Three major World Health Assembly (WHA) resolutions have helped formalize the role of emergency care in global health:

  • WHA 60.22 (2007): The first resolution calling on countries to strengthen emergency care systems as part of broader health systems strengthening.
  • WHA 68.15 (2015): Positioned emergency care as an essential component of universal health coverage (UHC).
  • WHA 72.16 (2019): Endorsed the WHO Emergency Care Systems Framework and highlighted emergency care as key to health system resilience and SDG implementation.

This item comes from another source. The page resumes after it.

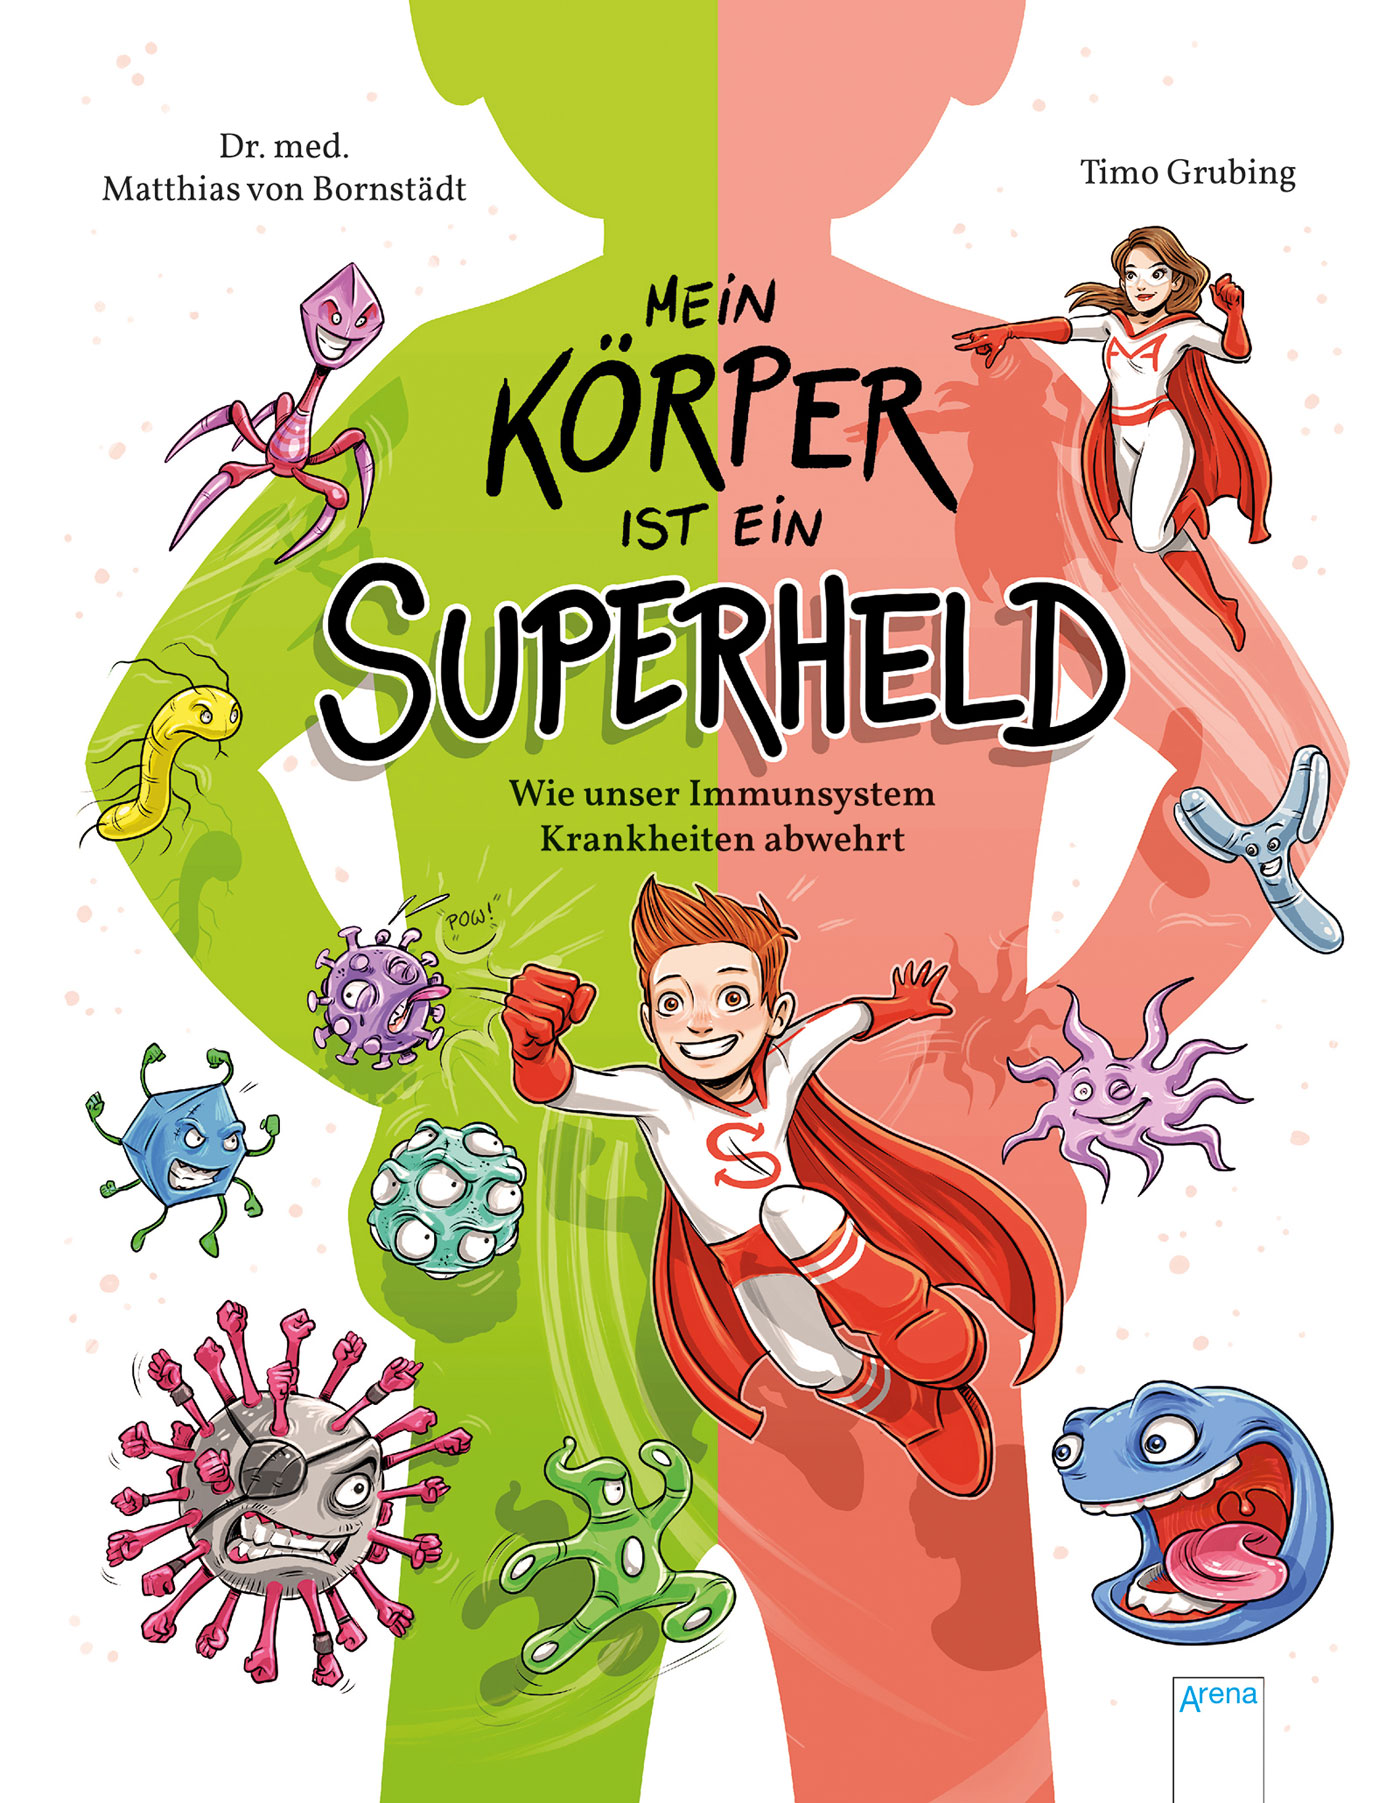 Kinderbuch-Tipp: Kindersachbuch über das Immunsystem // HIMBEER

These resolutions provide political leverage. They give clinicians and advocates a basis for pushing national governments and donors to prioritize emergency care in planning and funding.

Access to emergency care is increasingly recognized as a human right. A legal review of 195 national constitutions found that ten included explicit provisions for emergency care. These go beyond aspiration—they often outline enforceable rights and responsibilities. Examples include:

  • Somalia (2012): “No one may be denied emergency healthcare for any reason, including lack of economic capability.”
  • Ecuador (2008): “Public or private institutions... shall not refuse emergency care. This refusal shall be punishable by law.”
  • Fiji (2013): “A person must not be denied emergency medical treatment.”
  • Sudan (2005): Commits to free emergency services for all citizens.

Legal provisions alone don’t guarantee effective systems—but they do create a powerful tool for advocacy and accountability. They also recognize that emergency care is not a privilege, but a state responsibility.

The WHO Emergency Care Systems Framework

In 2018, the WHO released a practical tool for assessing and improving emergency care: the Emergency Care Systems Framework. It outlines how emergency care fits within national health systems, and identifies core components for development.

One of the most useful features is the concept of signal functions—minimum services that each level of the system (community, facility, referral centre) should be able to provide. This approach helps countries identify specific gaps and track progress in a standardized way. We can use this framework to structure system assessments, guide quality improvement, or inform advocacy.

Why Does the World Need Emergency Care Systems?

I find existing arguments insufficiently clear or persuasive about why and how we should develop global emergency care systems. My intent is to address this gap critically and transparently, fostering dialogue and informing prioritization.

It is notable that important international work has been done by organizations like the WHO, including developing the Emergency Care System Framework and securing multiple World Health Assembly resolutions. These initiatives have raised awareness and political commitment but it remains unclear their contribution to progress at the national level or disease control priorities.

Foundational Questions to Explore

To build a robust case for emergency care globally, we must clearly answer critical questions and better understand its positioning as a cause priority. Outstanding questions that need answers include:

  • What are emergency care-sensitive conditions, and how is their burden globally distributed?
  • How does emergency care concretely mitigate the global burden of these conditions?
  • Which emergency care-sensitive conditions should receive priority attention within global emergency care initiatives, based on disease control priorities?
  • Is improving emergency care a tractable challenge? If so, how do we best approach national-level implementation?
  • What is the marginal impact of investments specifically in emergency care compared to other points along the healthcare delivery pathway?

In future posts, I will systematically address these questions through a rigorous application of evidence-based methods, careful reasoning, and comparative analysis.

Concluding Thoughts

Through Critical Good, my goal is to stimulate meaningful dialogue and critical reflection on the impact and effectiveness of emergency medicine. I invite you to join me on this journey, challenging assumptions, rigorously examining evidence, and collectively working toward clearer answers and impactful solutions.